Oorzaak retinitus pigmentosa

Bij retinitus pigmentosa gaan de lichtgevoelige cellen, de staafjes en kegeltjes, in het netvlies kapot. Bij RP treedt er als eerste een achteruitgang op van de staafjes. De staafjes bevinden zich in het buitenste deel van het netvlies. Zij zijn belangrijk om te kunnen zien in het donker of in schemer en bepalen tevens de reikwijdte van het gezichtsveld. Deze gaan het eerst kapot als iemand retinitus pigmentosa heeft. De kegeltjes bevinden zich voornamelijk in het centrale deel van het oog en zorgen voor scherp zicht en kleurwaarneming. Deze gaan later ook kapot bij RP.

 

Mensen die leiden aan retinitus pigmentosa ervaren vaak als eerste klachten over nachtblindheid, het slechter zien in het donker. Verder kan iemand met retinitus pigmentosa een verstoorde kleurwaarneming ervaren.

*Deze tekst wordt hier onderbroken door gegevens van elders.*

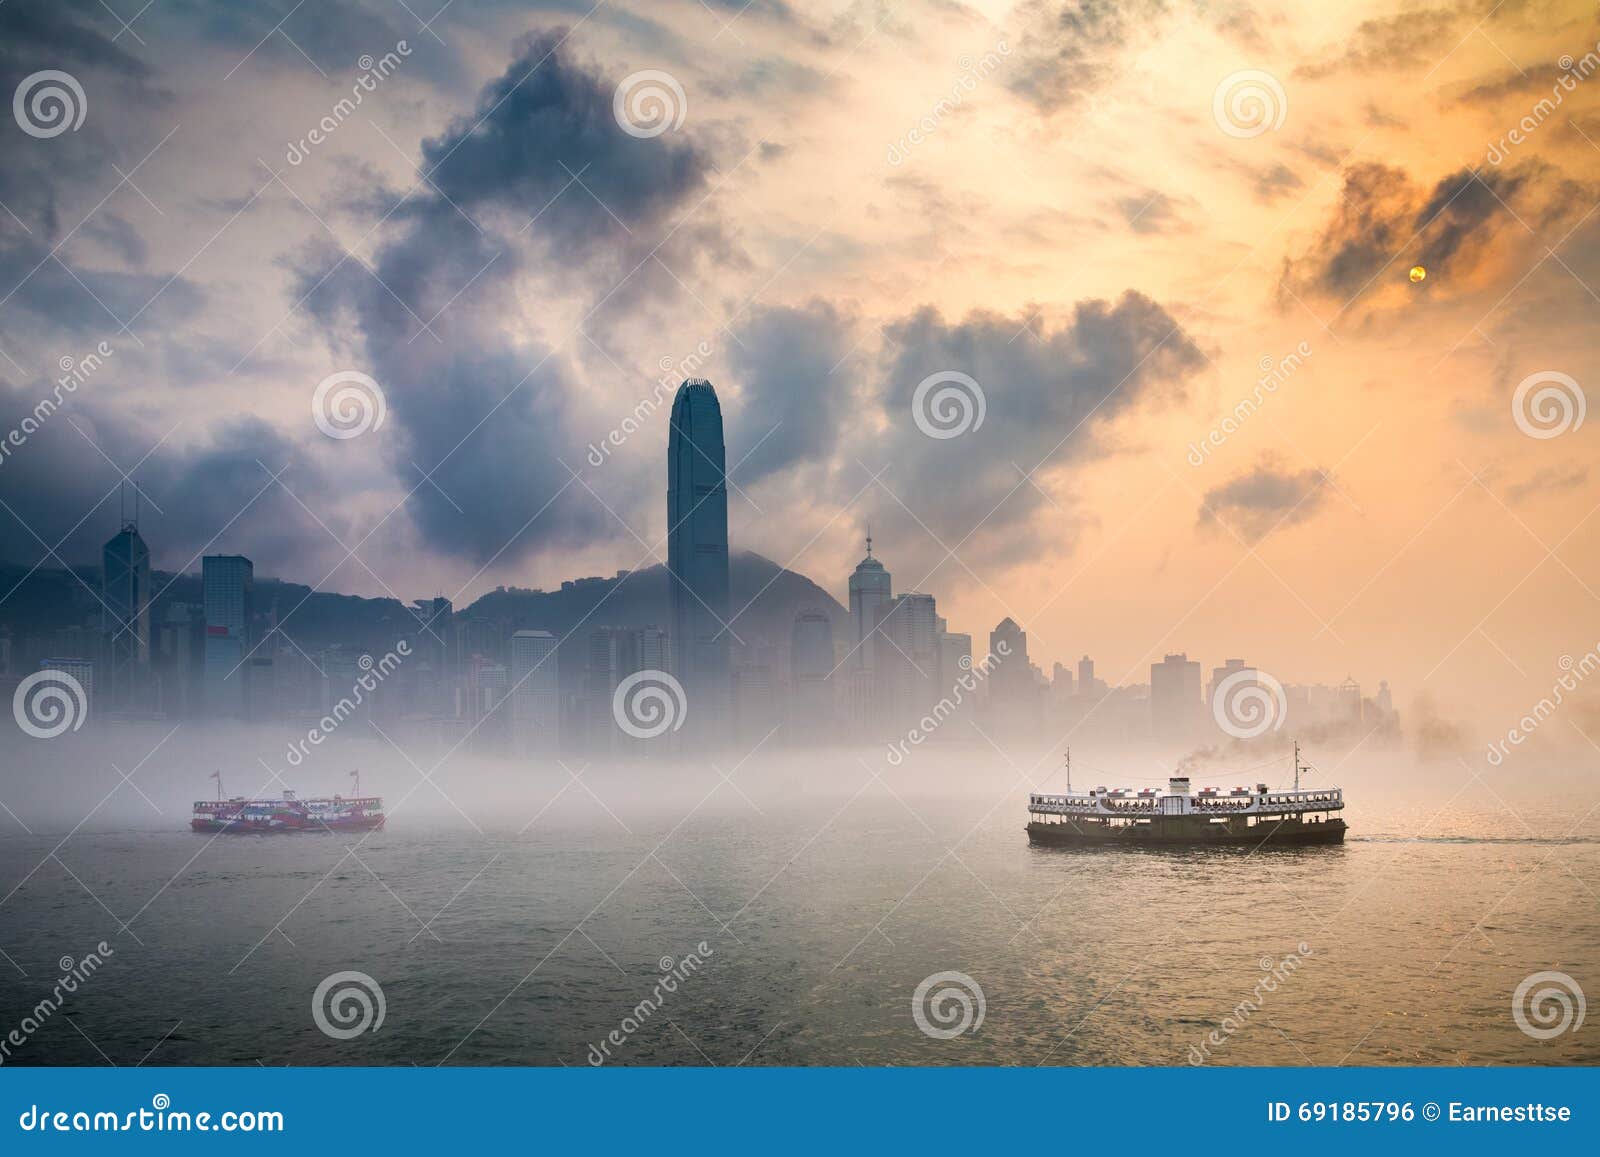 misty harbor - victoria harbor, hong kong

Vervolgens wordt het gezichtsveld kleiner. Meestal gaat het perifere zicht, de randen van het gezichtsveld, achteruit. Het gezichtsveld wordt steeds kleiner waardoor er kokervisus ontstaat. Bij kokerzicht is het alsof je door een buis kijkt. Uiteindelijk wordt ook het zicht in de koker onscherp.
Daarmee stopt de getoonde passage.